— Your task —
All of the listing must be given again exactly, except that the images are dropped.
(Supplied information begins)
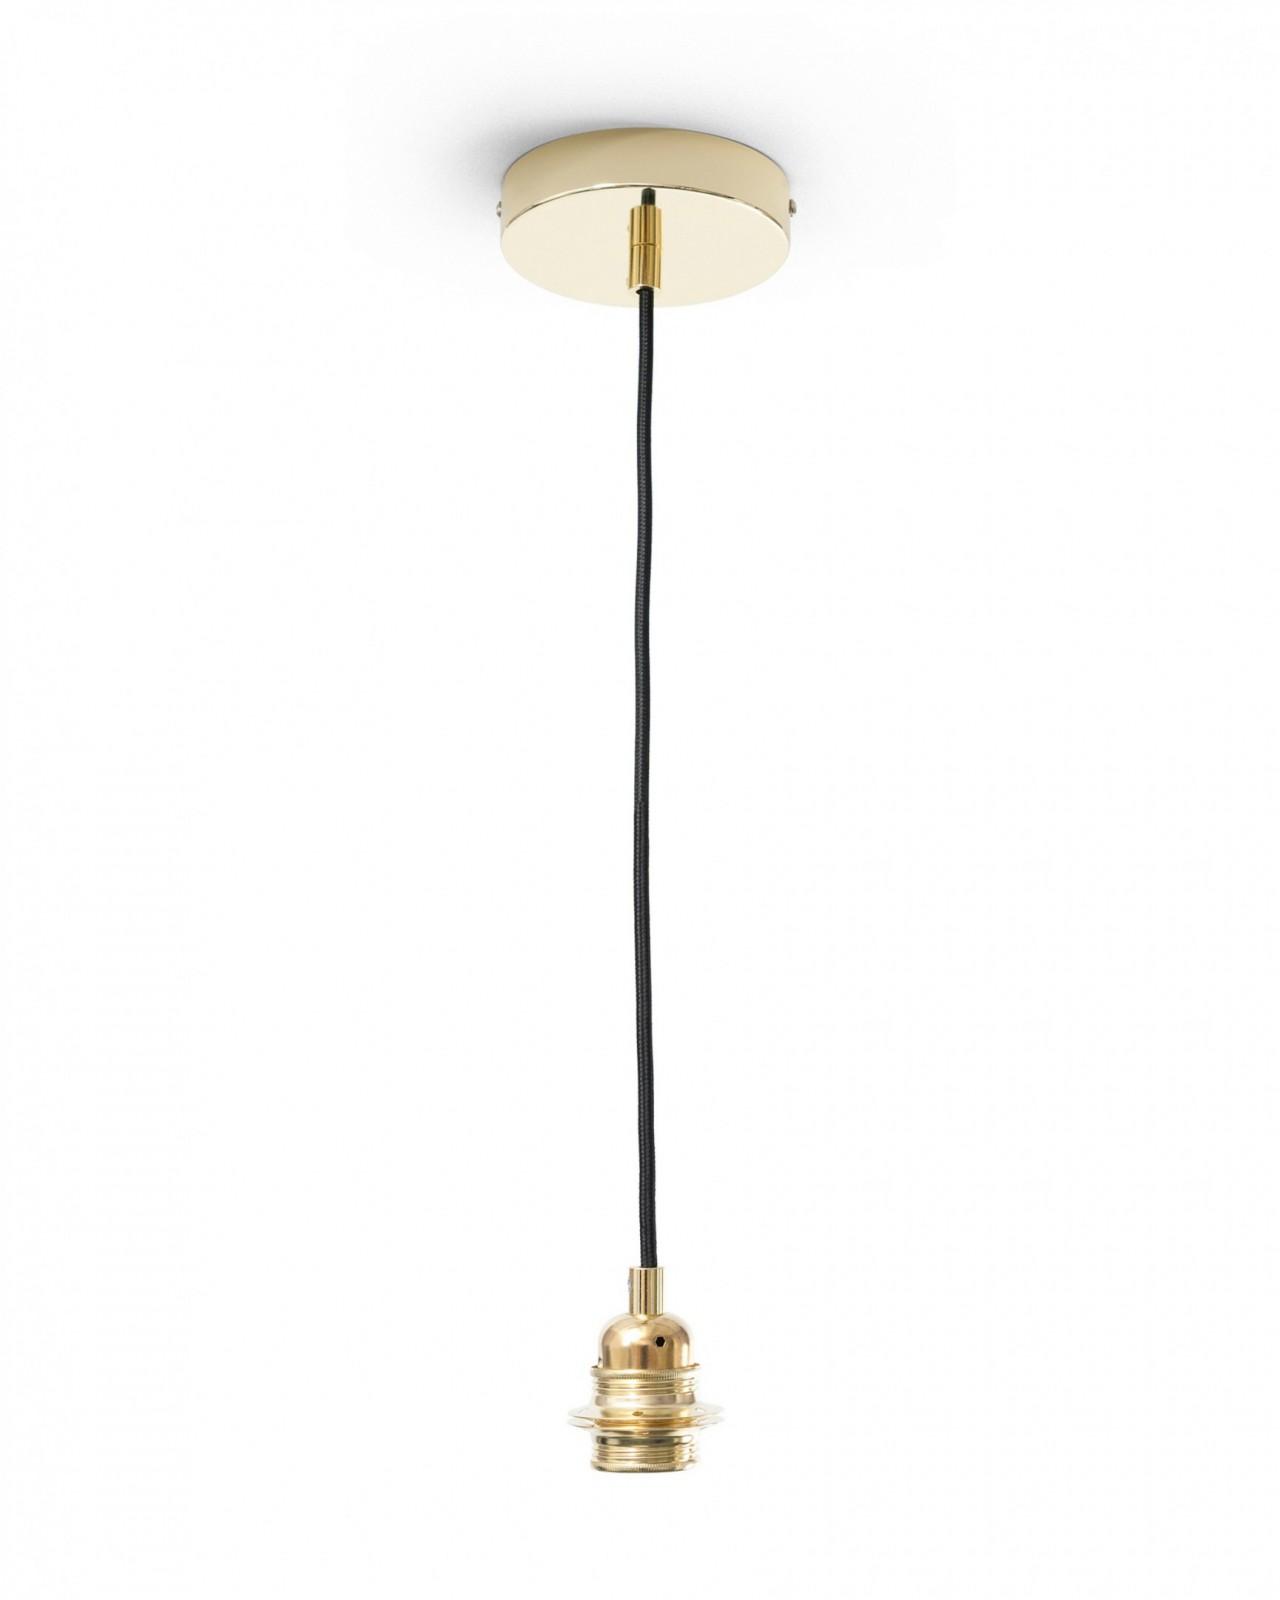 KATALIN Pendant Lamp
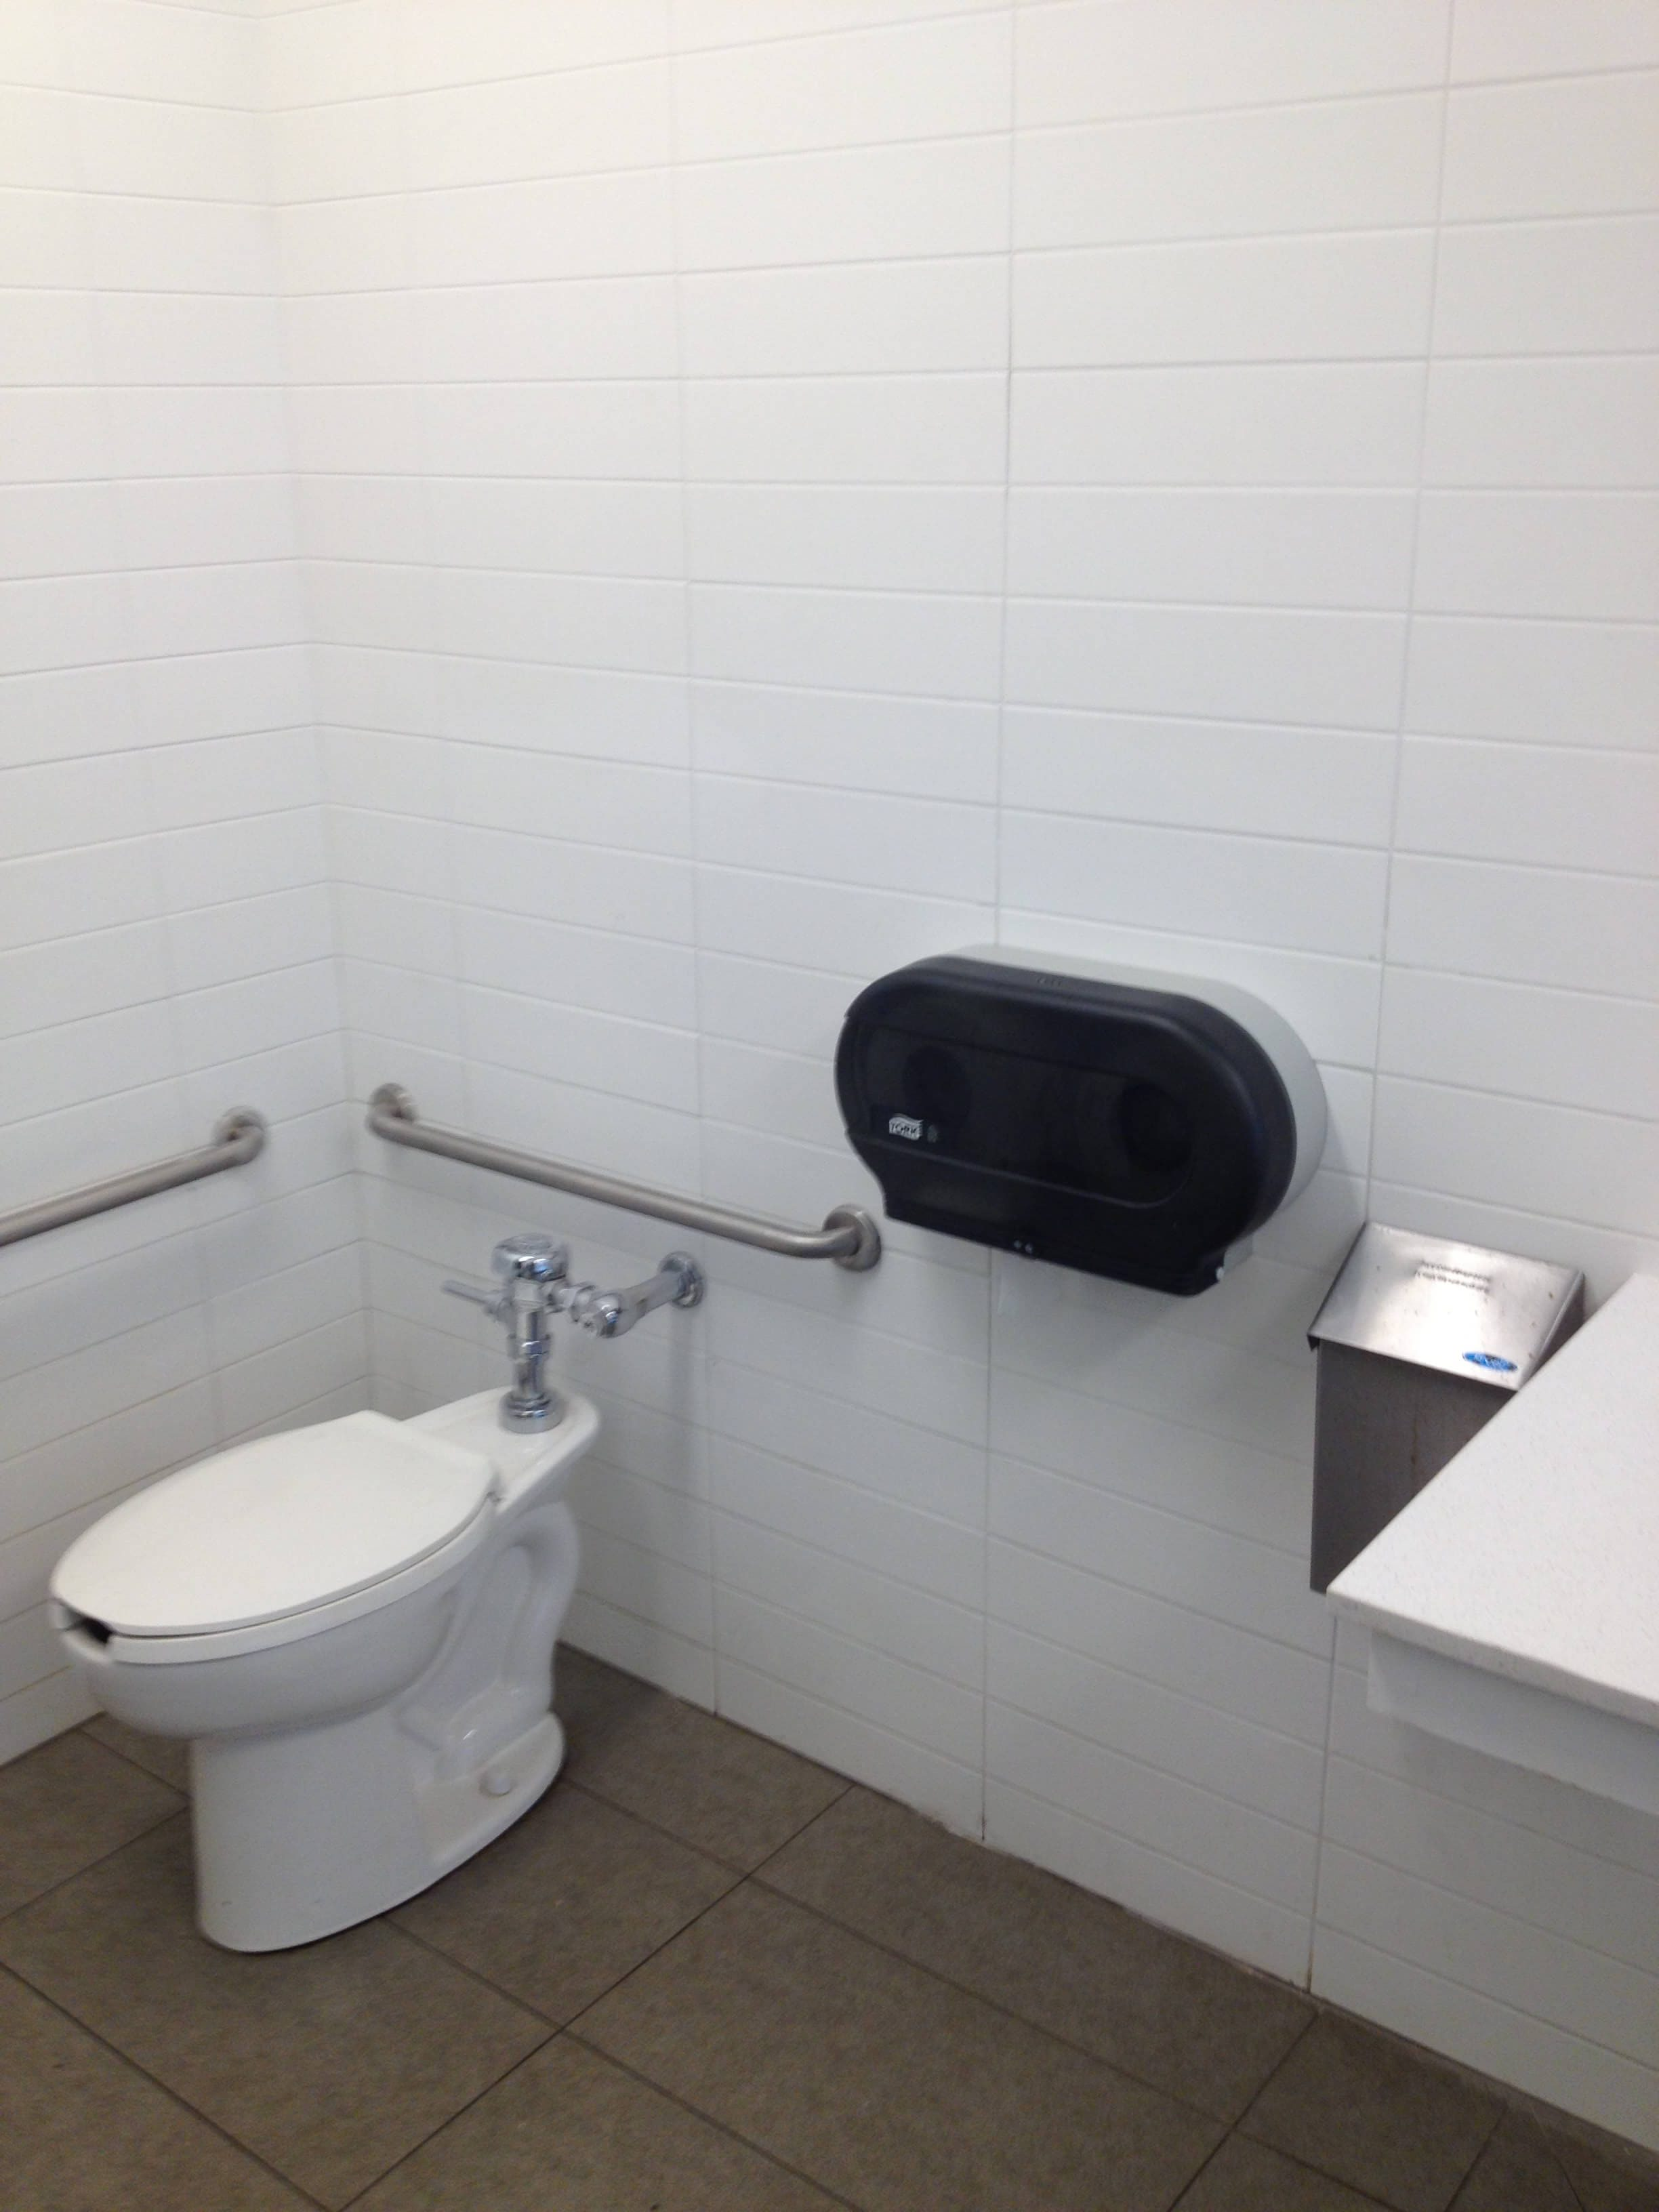 Concession Buildings / Washroom
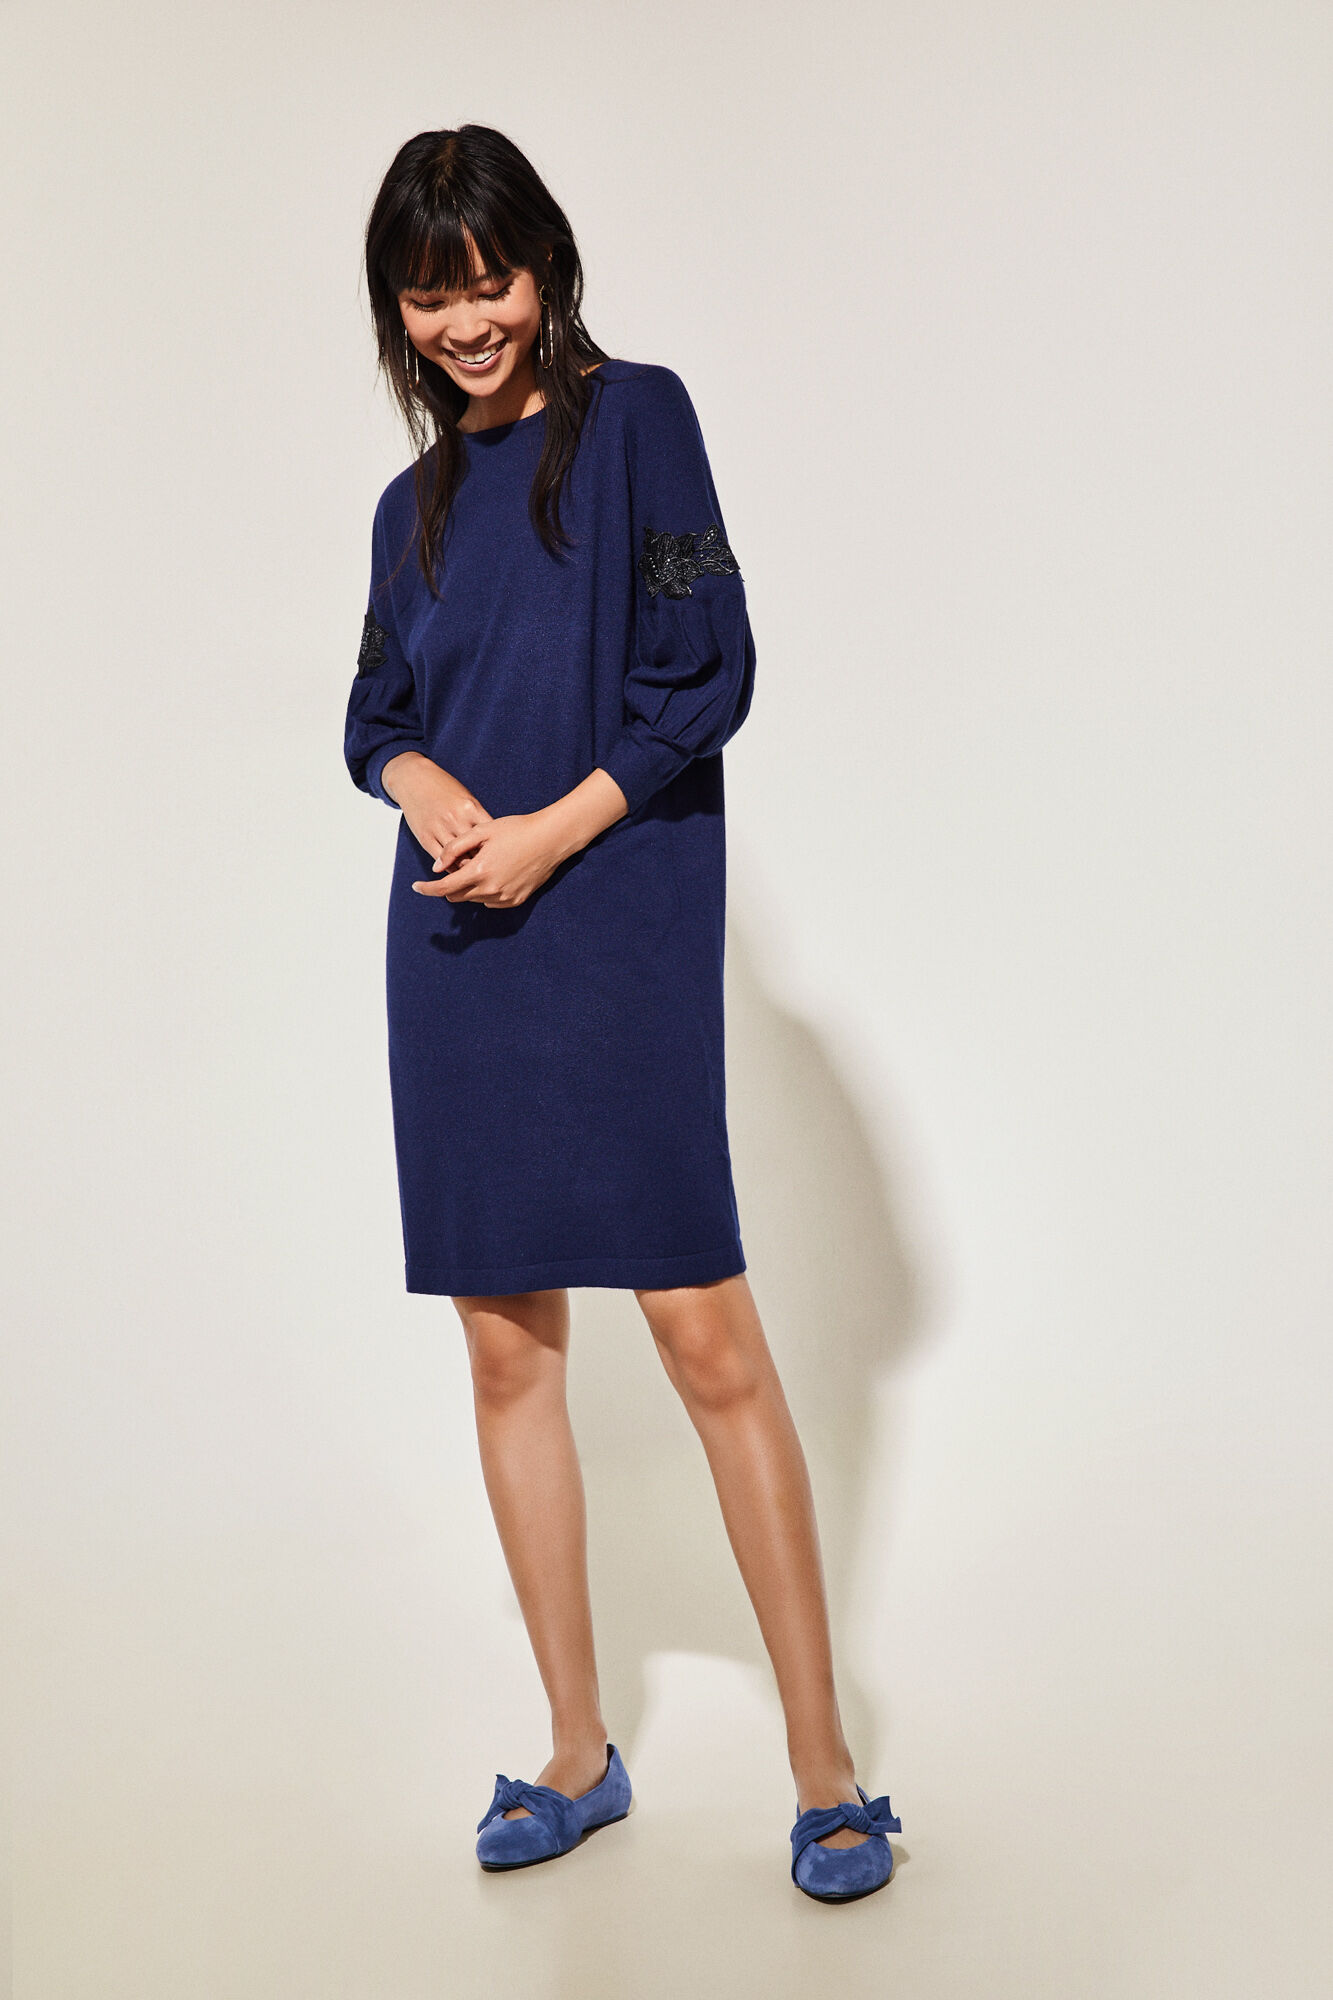 Vestido ibicenco azul
(Supplied information ends)
— Output —
 KATALIN Pendant Lamp
 Concession Buildings / Washroom
 Vestido ibicenco azul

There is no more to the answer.